=== Input records ===

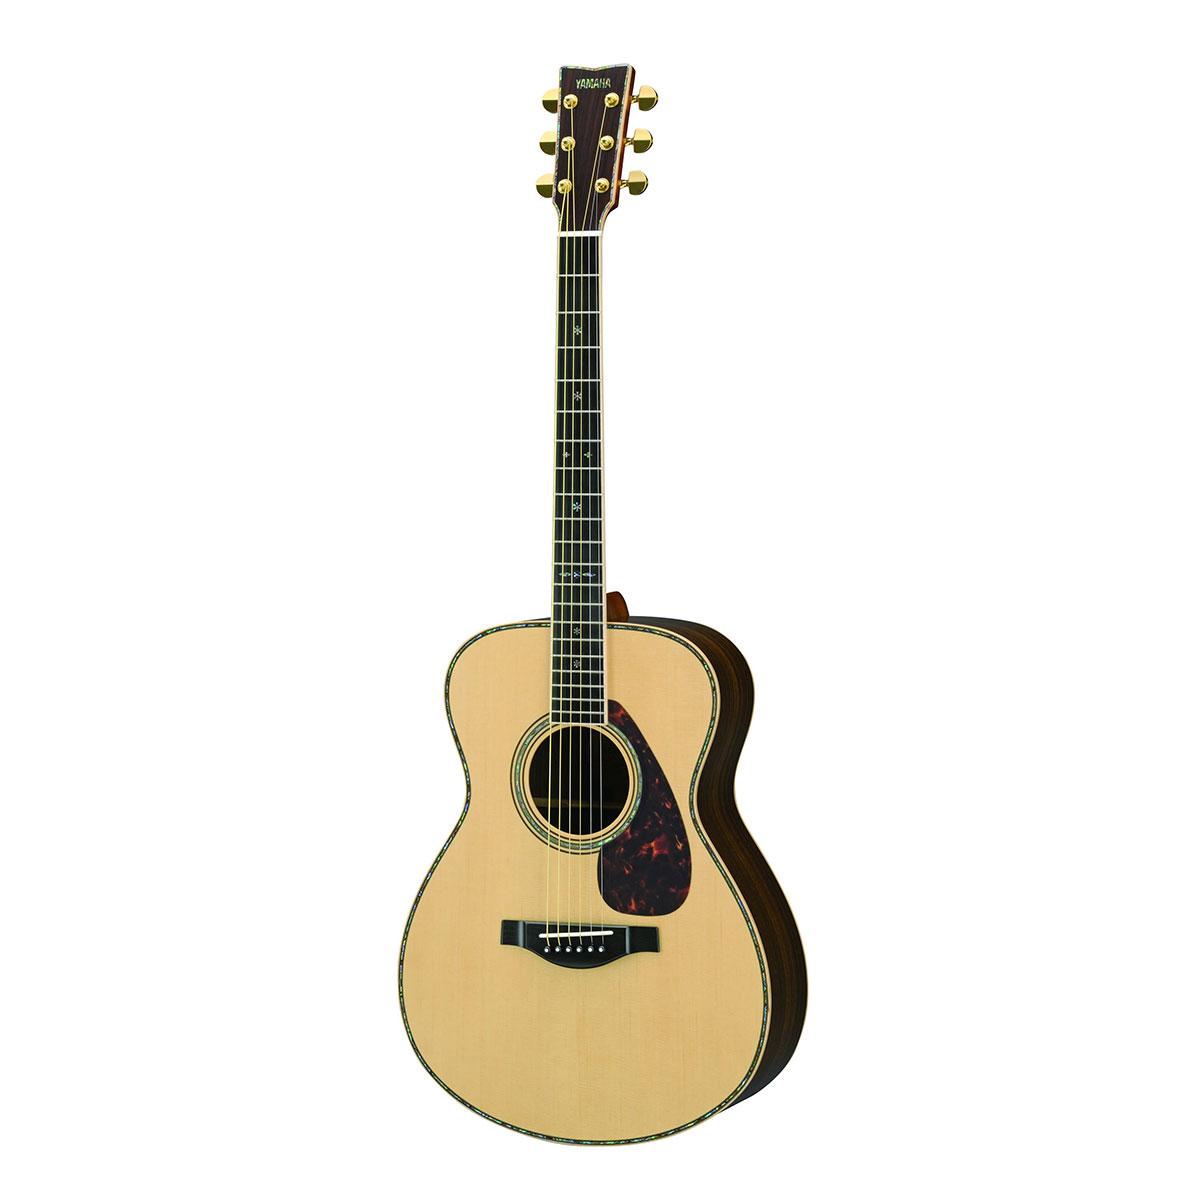 【受注生産】YAMAHA アコースティックギター LS56 CUSTOM ARE / Natural
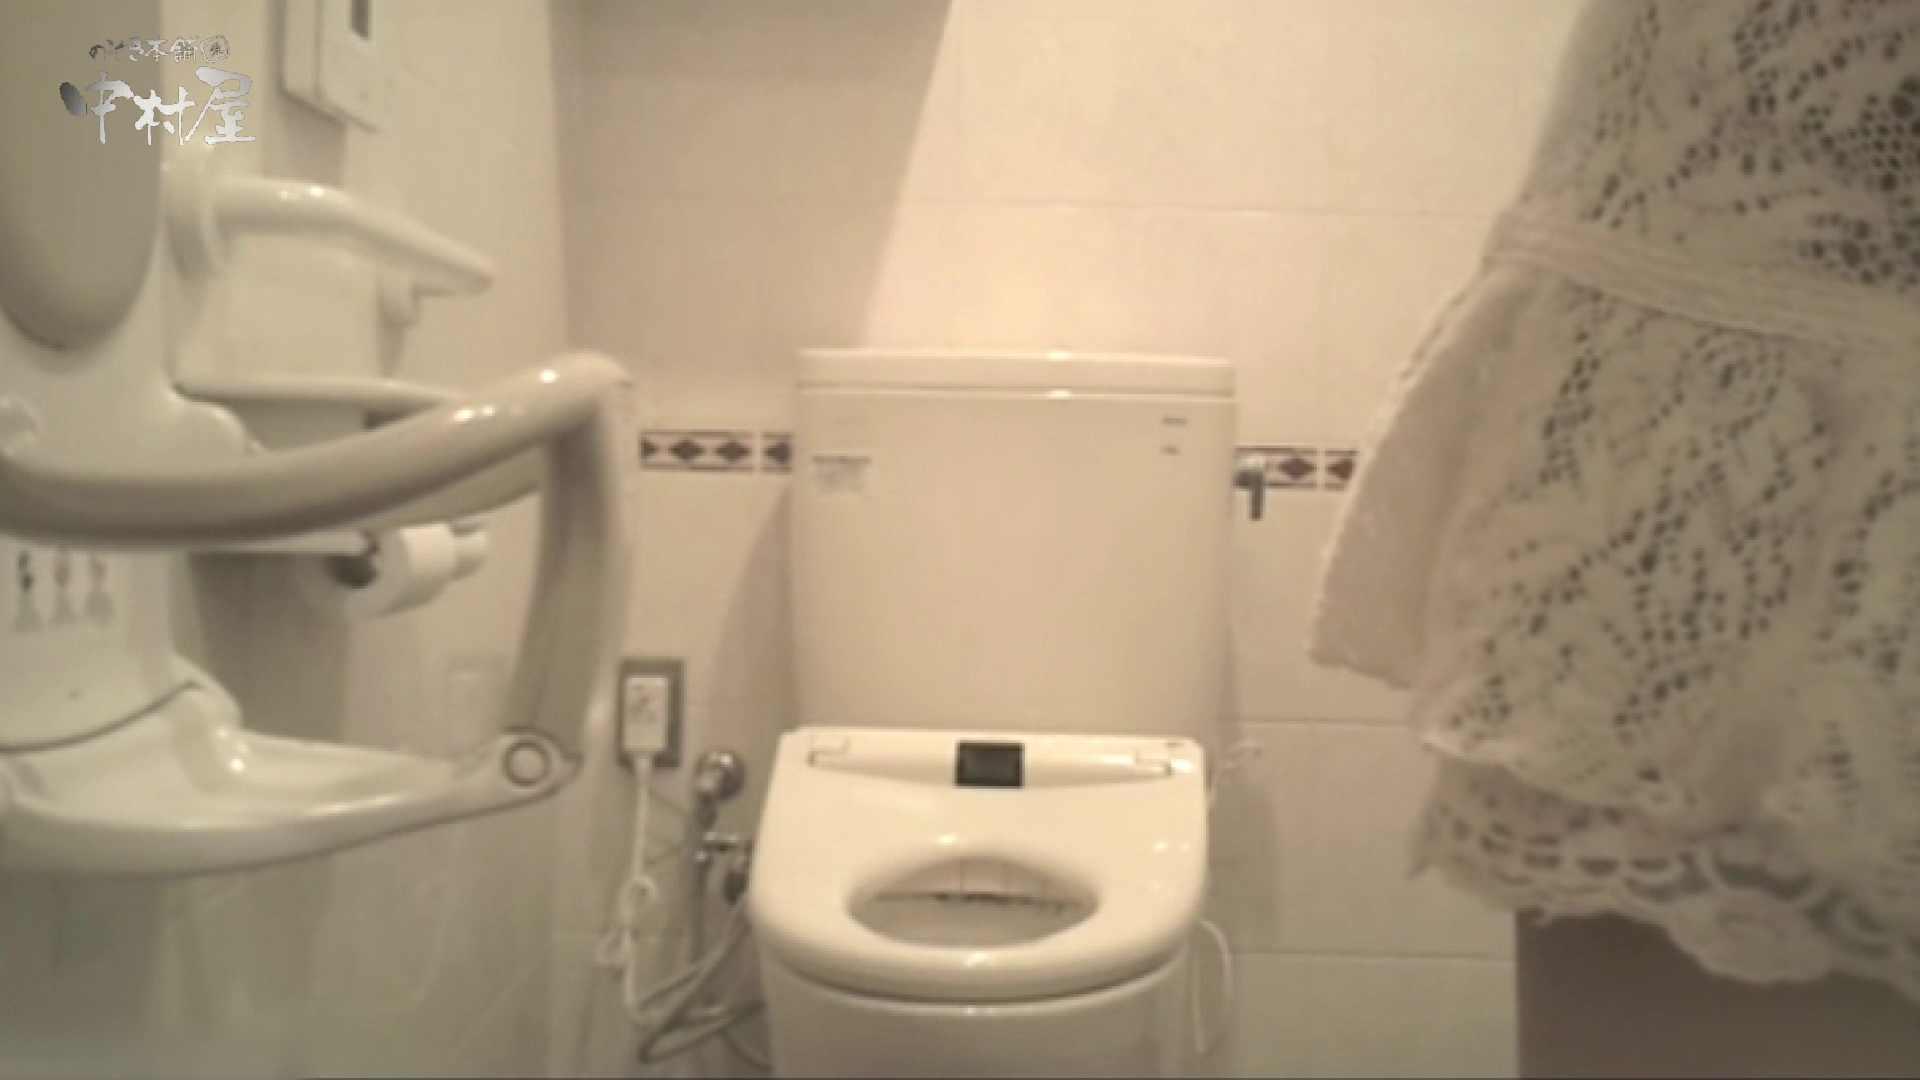 ティーンガールのトイレ覗き‼vol.19 美女まとめ ヌード画像 111PIX 26
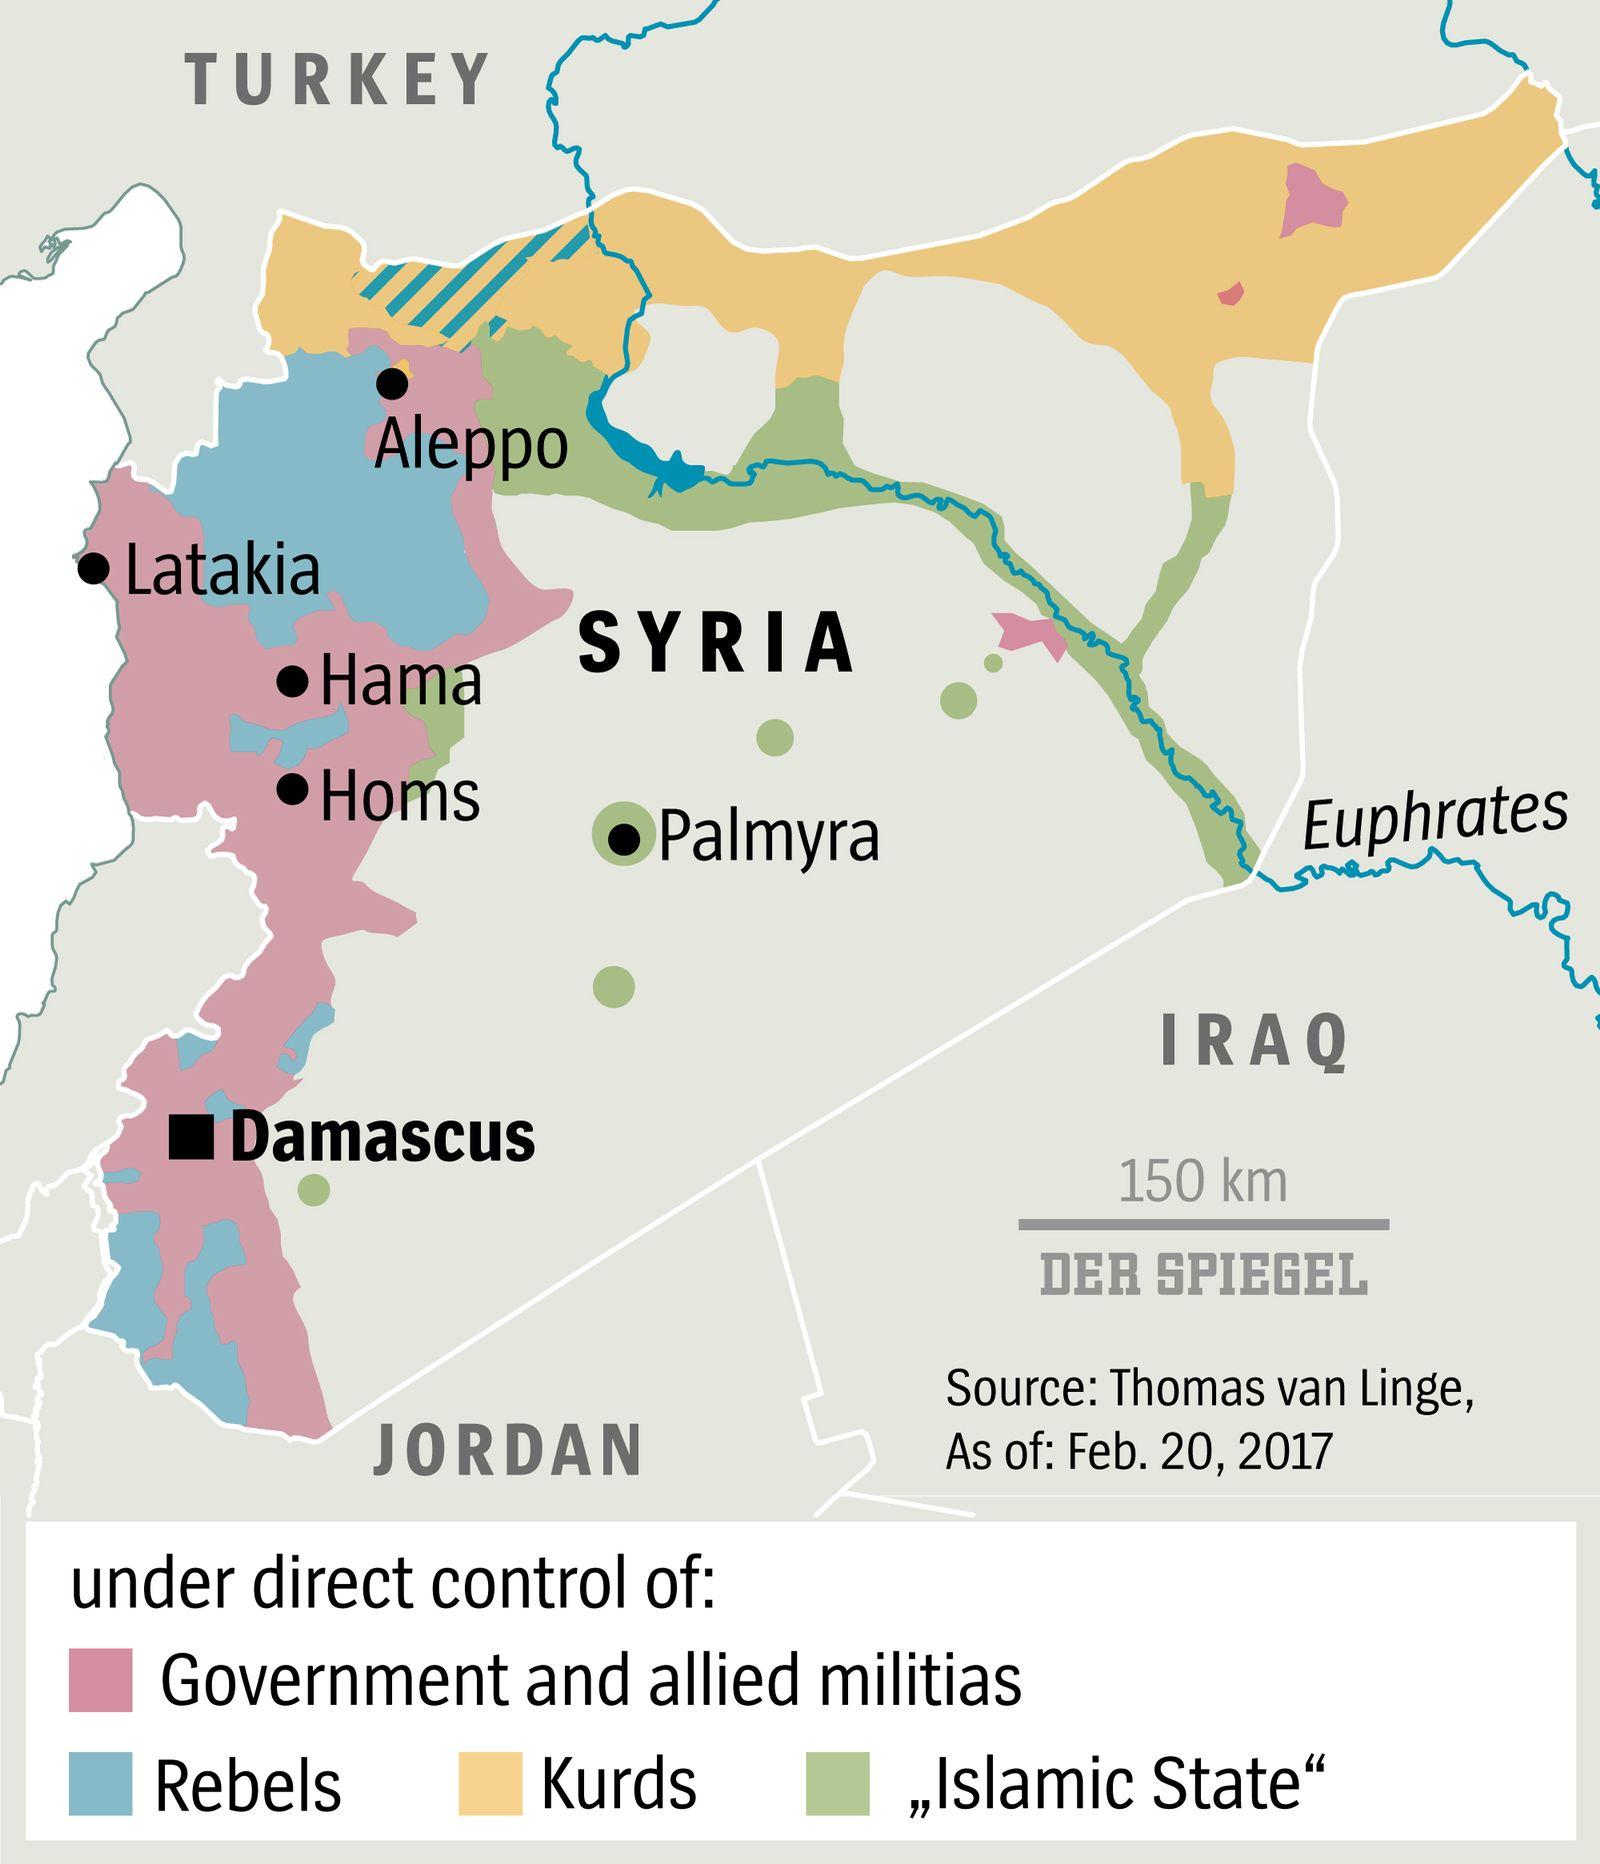 DER SPIEGEL 10 s 88 englisch Syria
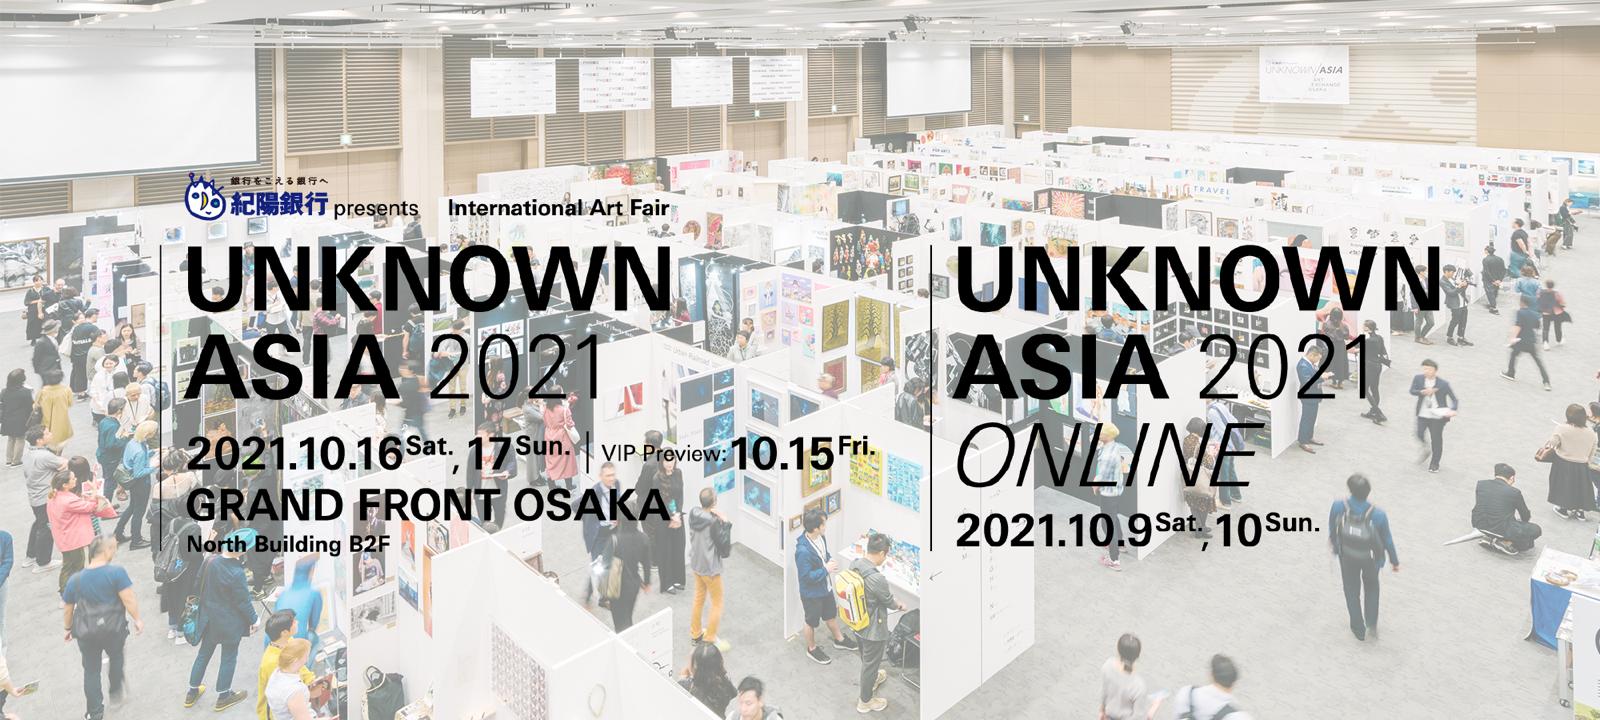 『紀陽銀行 presents UNKNOWN ASIA 2021』
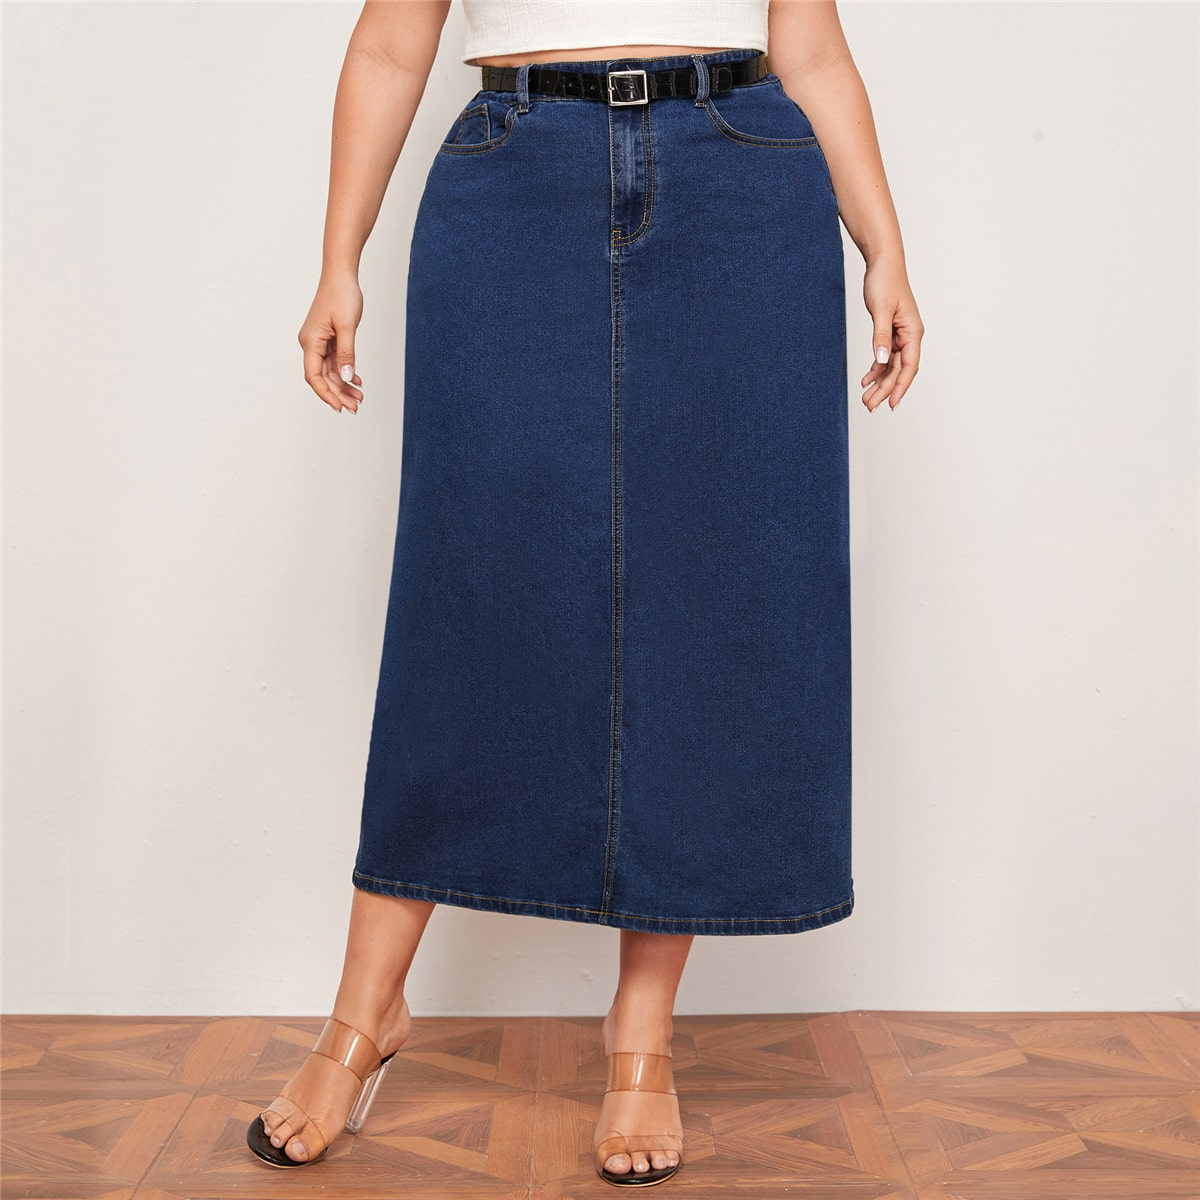 Прямая джинсовая юбка размера плюс без пояса фото

=== Action item ===
The required output is an exact copy of the lines from the one with "UNKNOWN ASIA 2021』" through the final line of the data above, with pictures removed.

=== Task solution ===
 『紀陽銀行 presents UNKNOWN ASIA 2021』
 Прямая джинсовая юбка размера плюс без пояса фото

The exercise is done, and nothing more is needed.